Problem description: Without including any images, output the listing below exactly.

Data block:

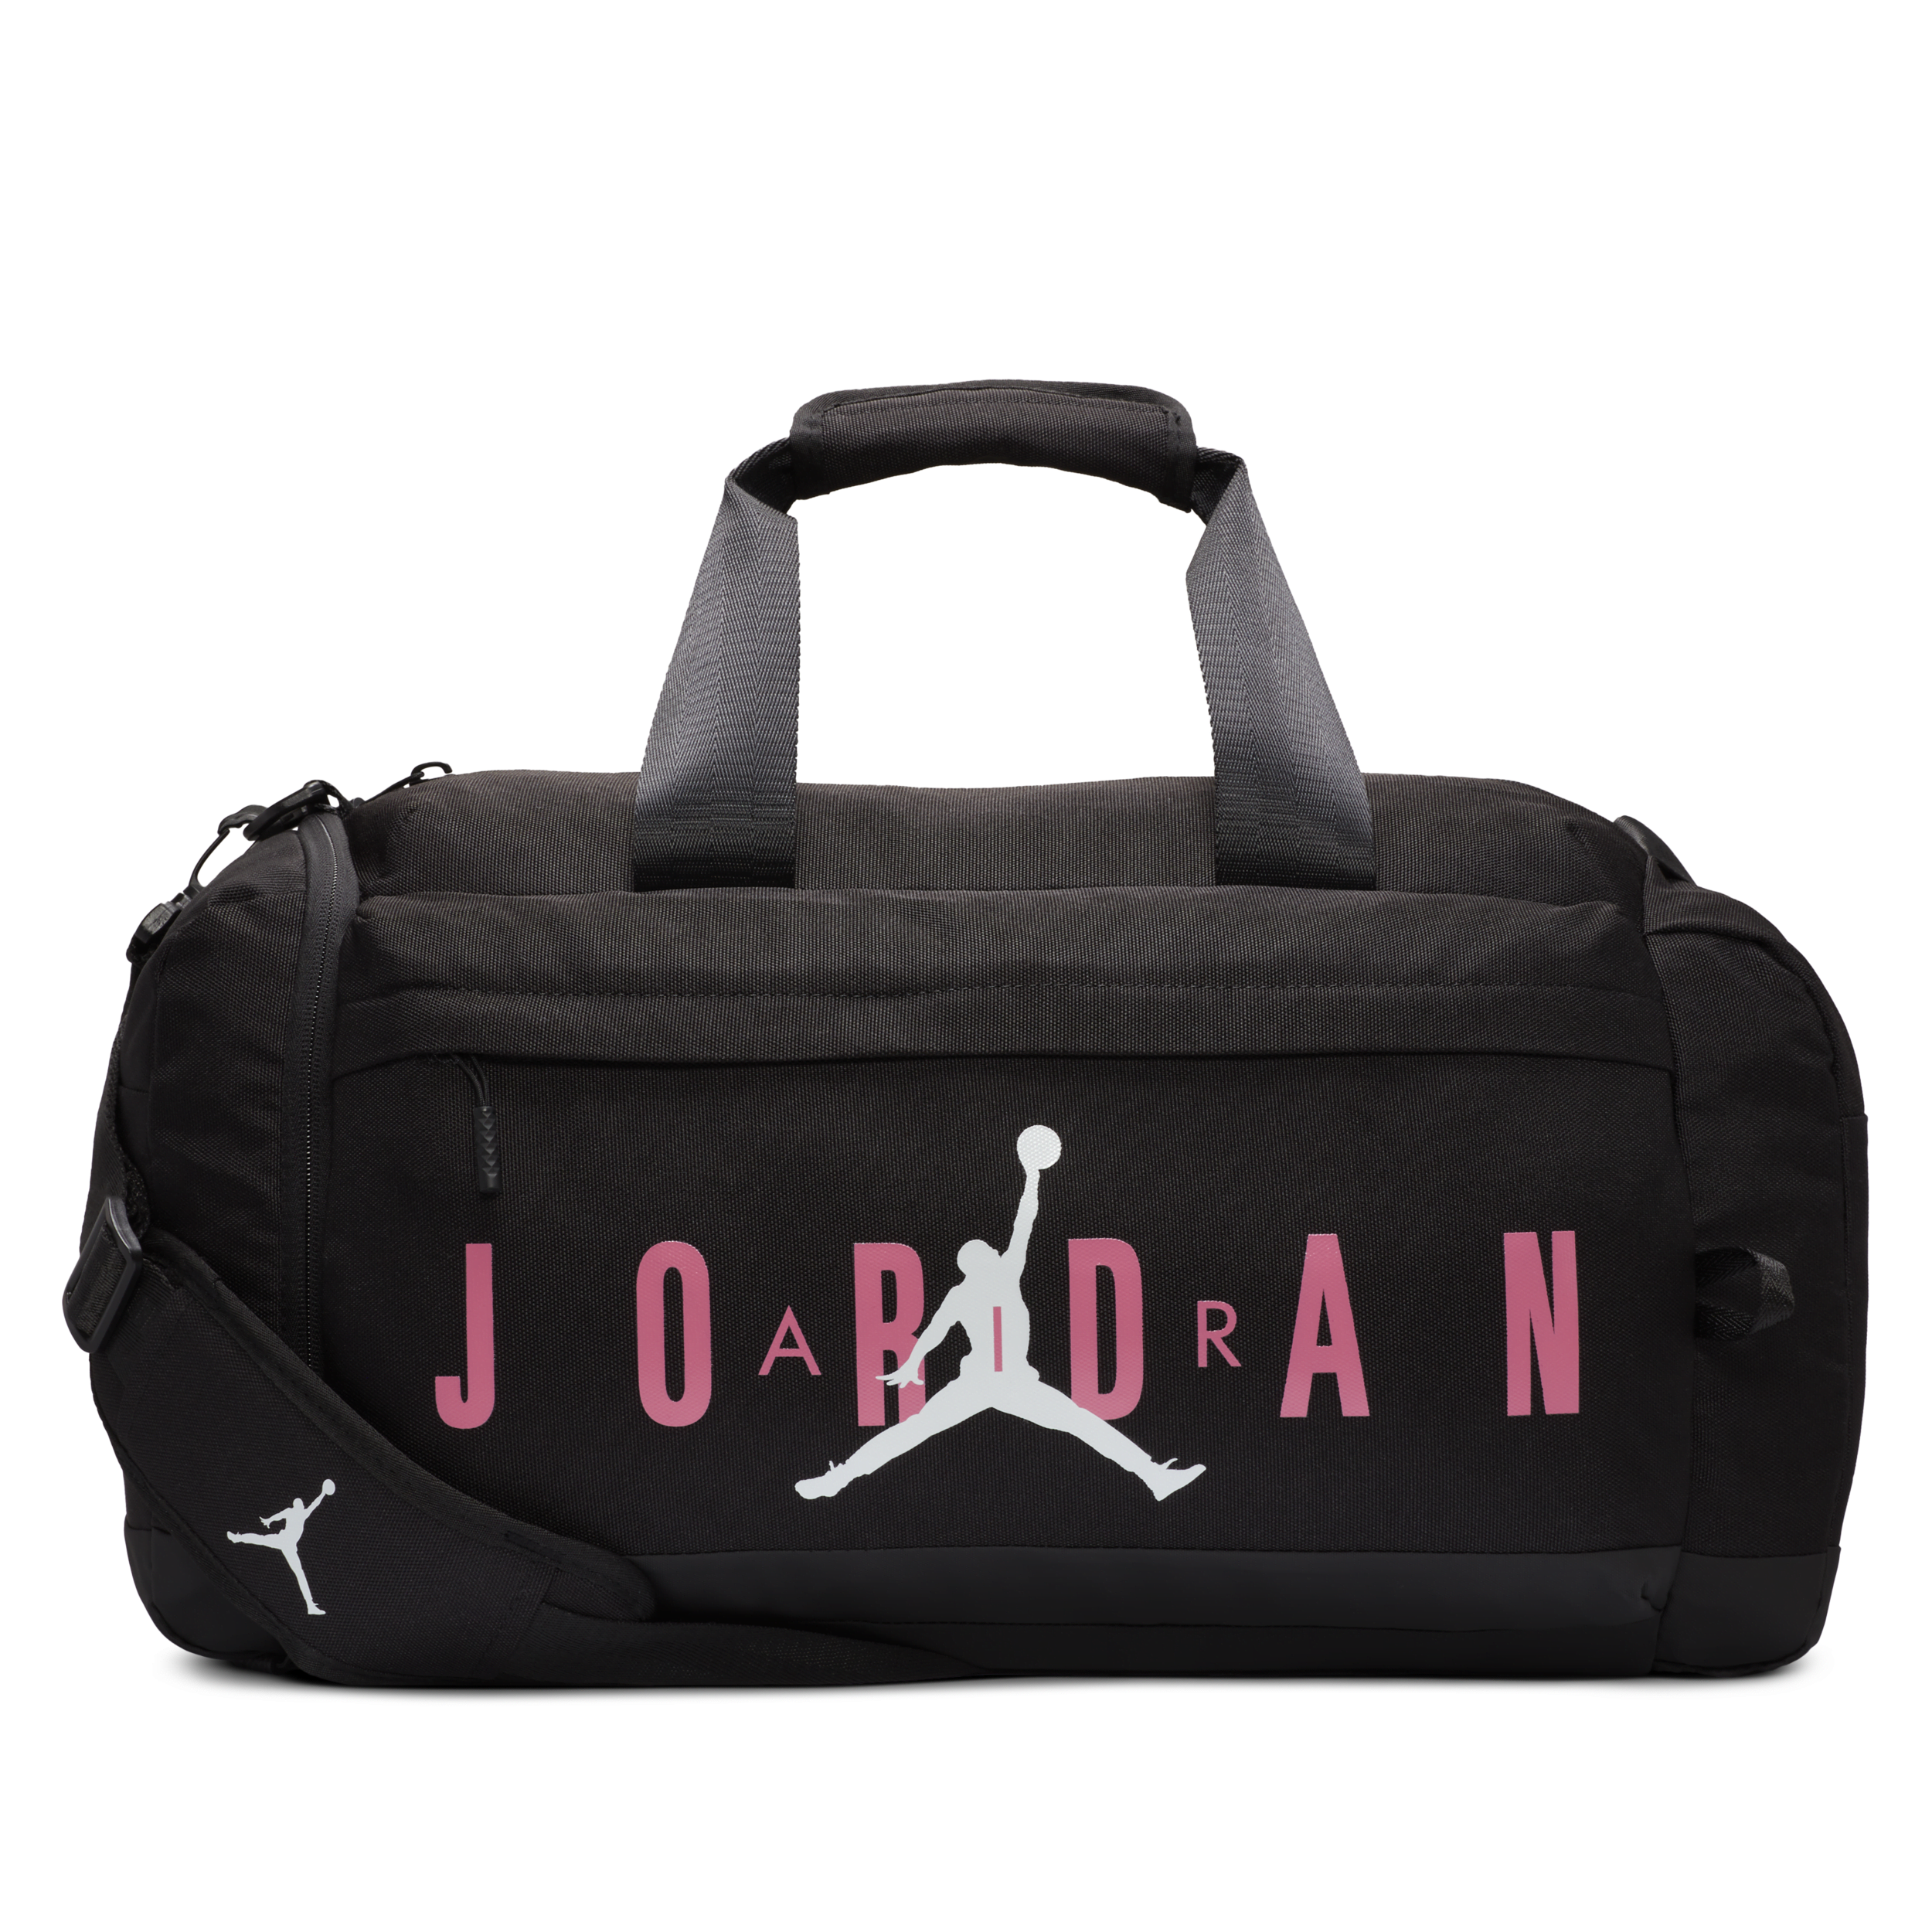 Jordan Stadium Tote Bag (14L).
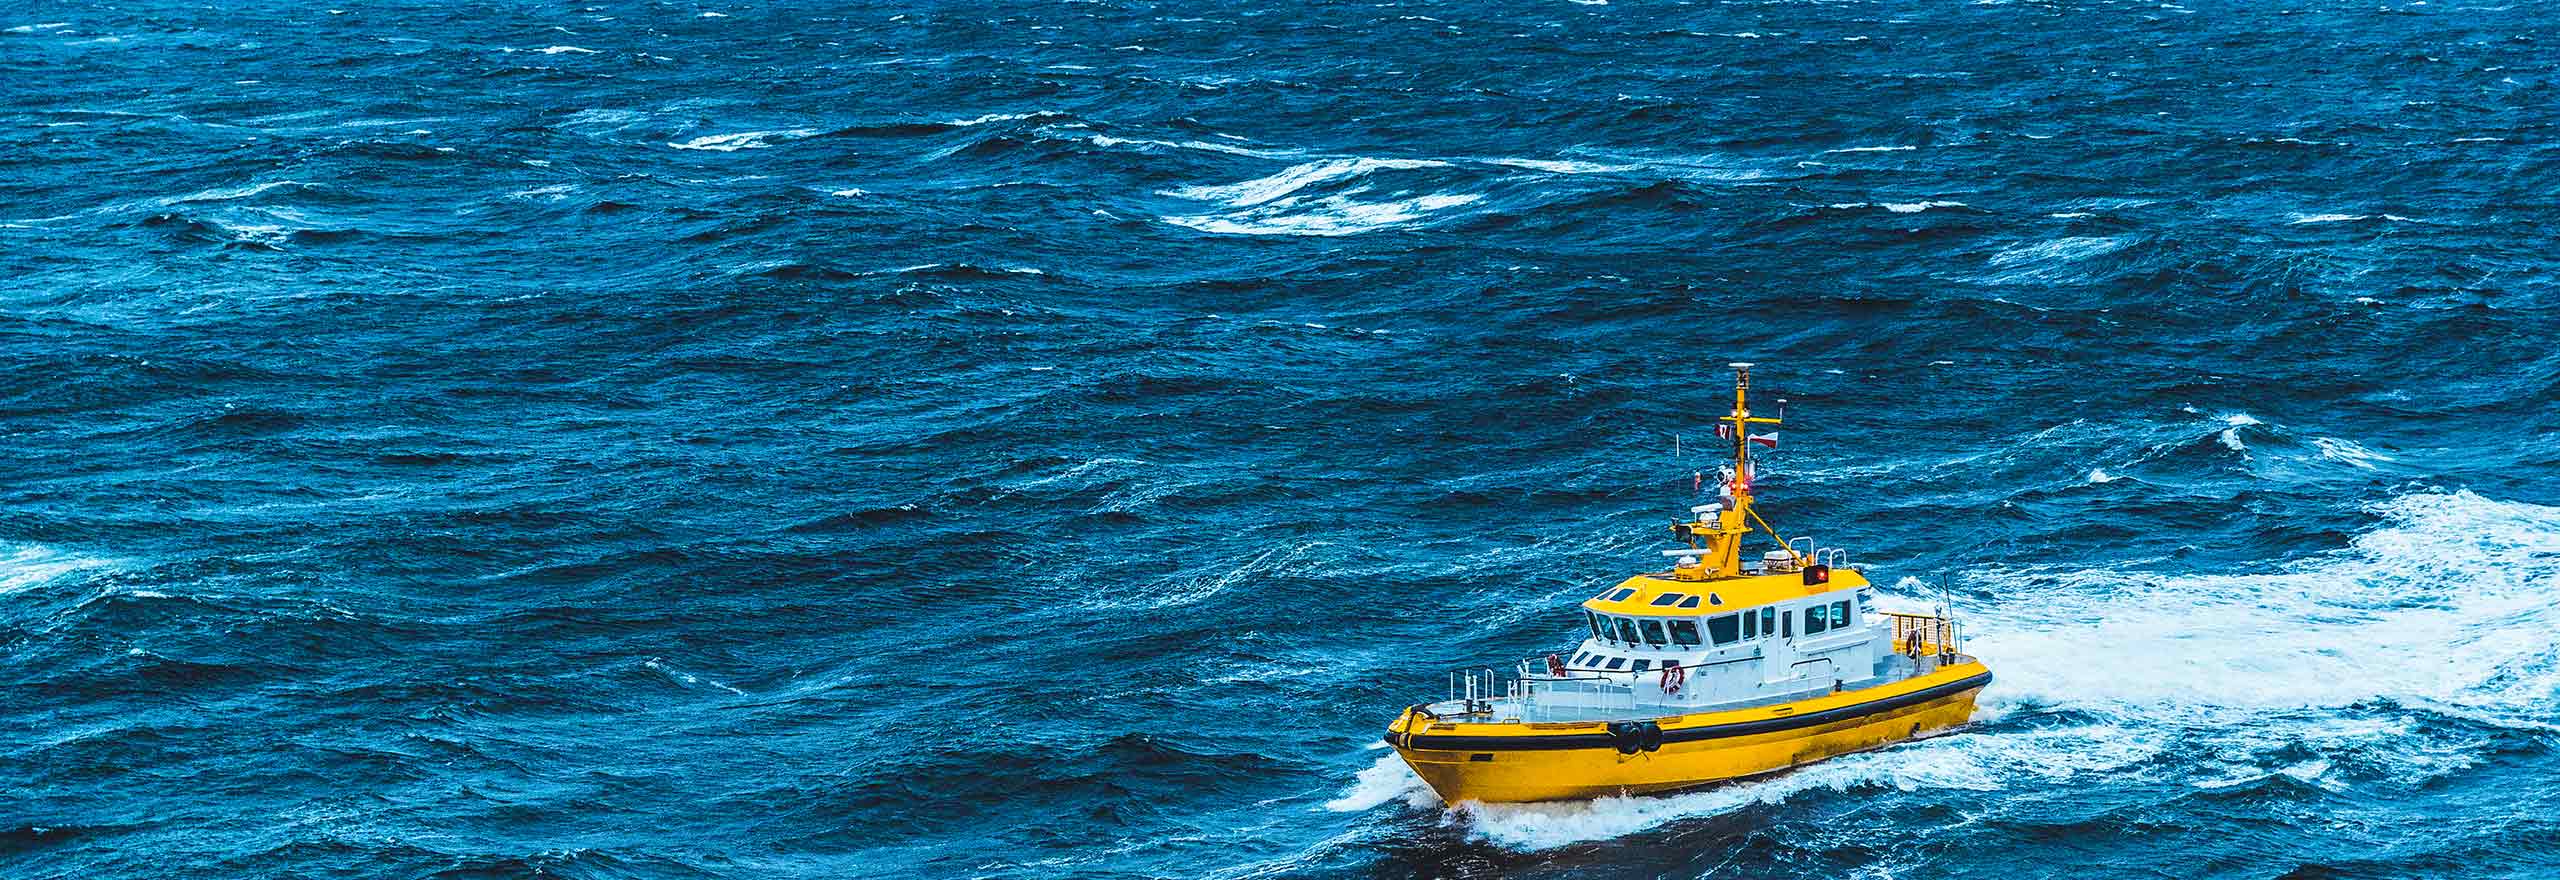 Un buque amarillo de protección costera en alta mar en un mar agitado y con tormentas.
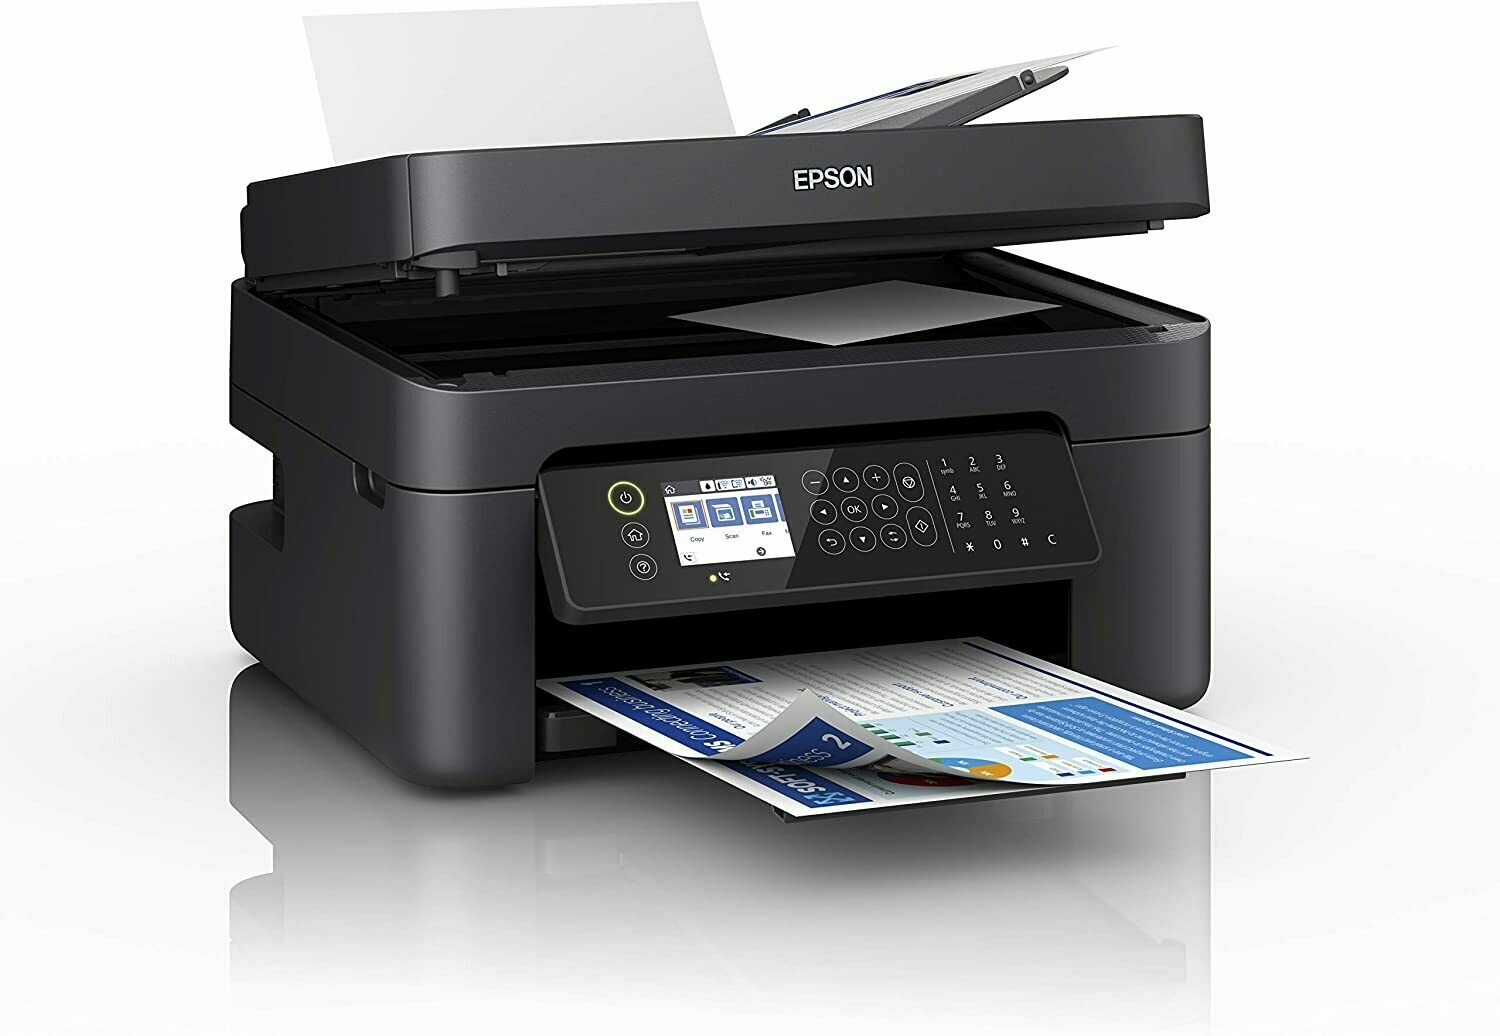 Epson WorkForce WF-2850DWF Print/Scan/Copy/Fax Wi-Fi Printer with ADF, Black
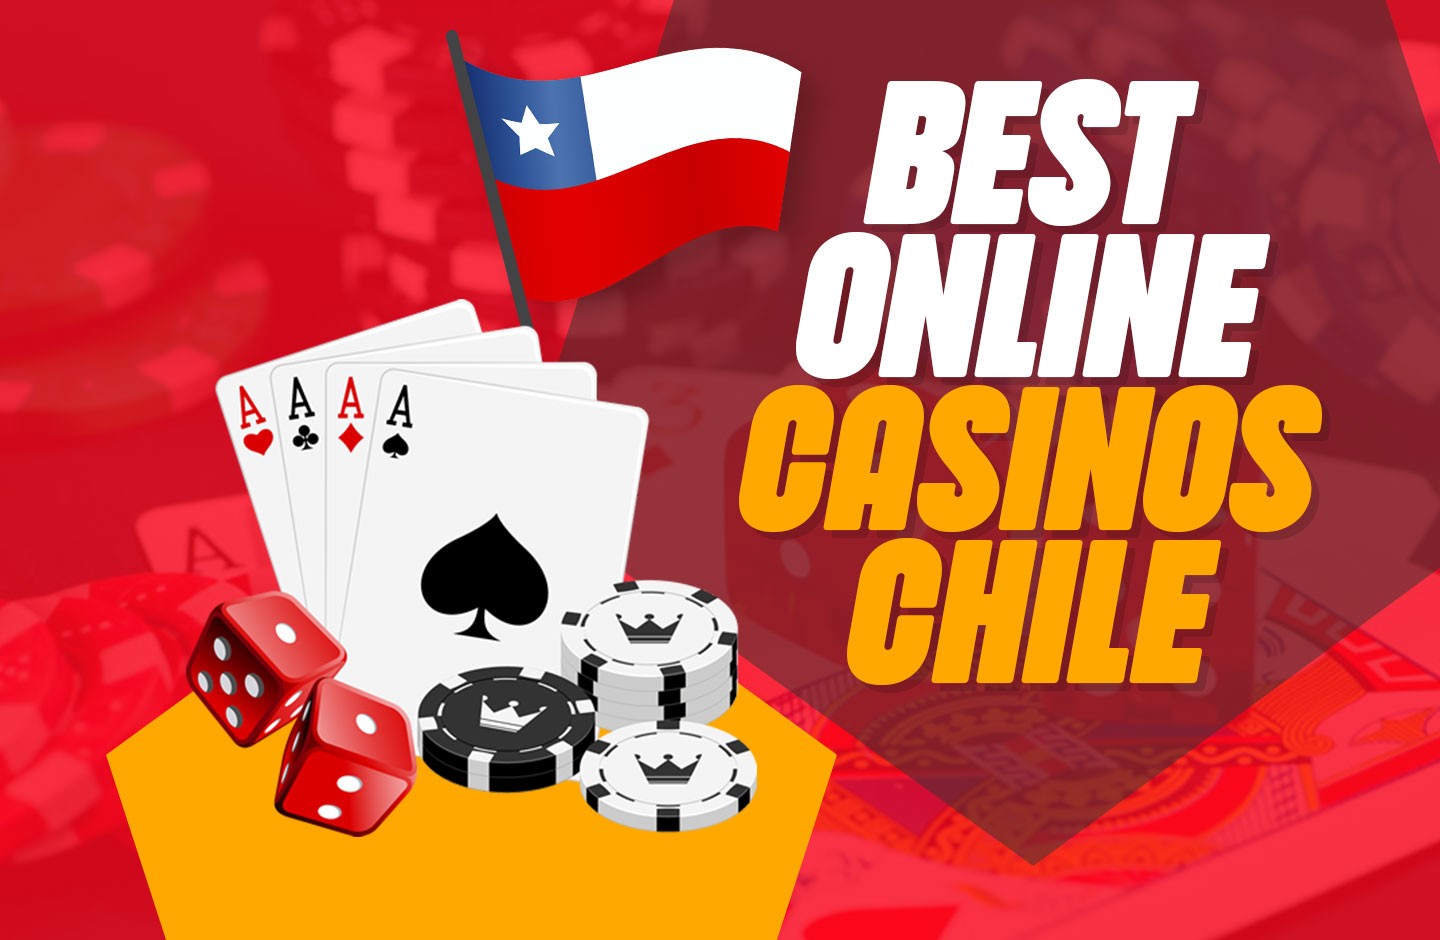 5 lecciones que puede aprender de Bing sobre mejores casinos online

Task answer:
 Jordan Stadium Tote Bag (14L).
 Un buque amarillo de protección costera en alta mar en un mar agitado y con tormentas.
 Epson WorkForce WF-2850DWF Print/Scan/Copy/Fax Wi-Fi Printer with ADF, Black
 5 lecciones que puede aprender de Bing sobre mejores casinos online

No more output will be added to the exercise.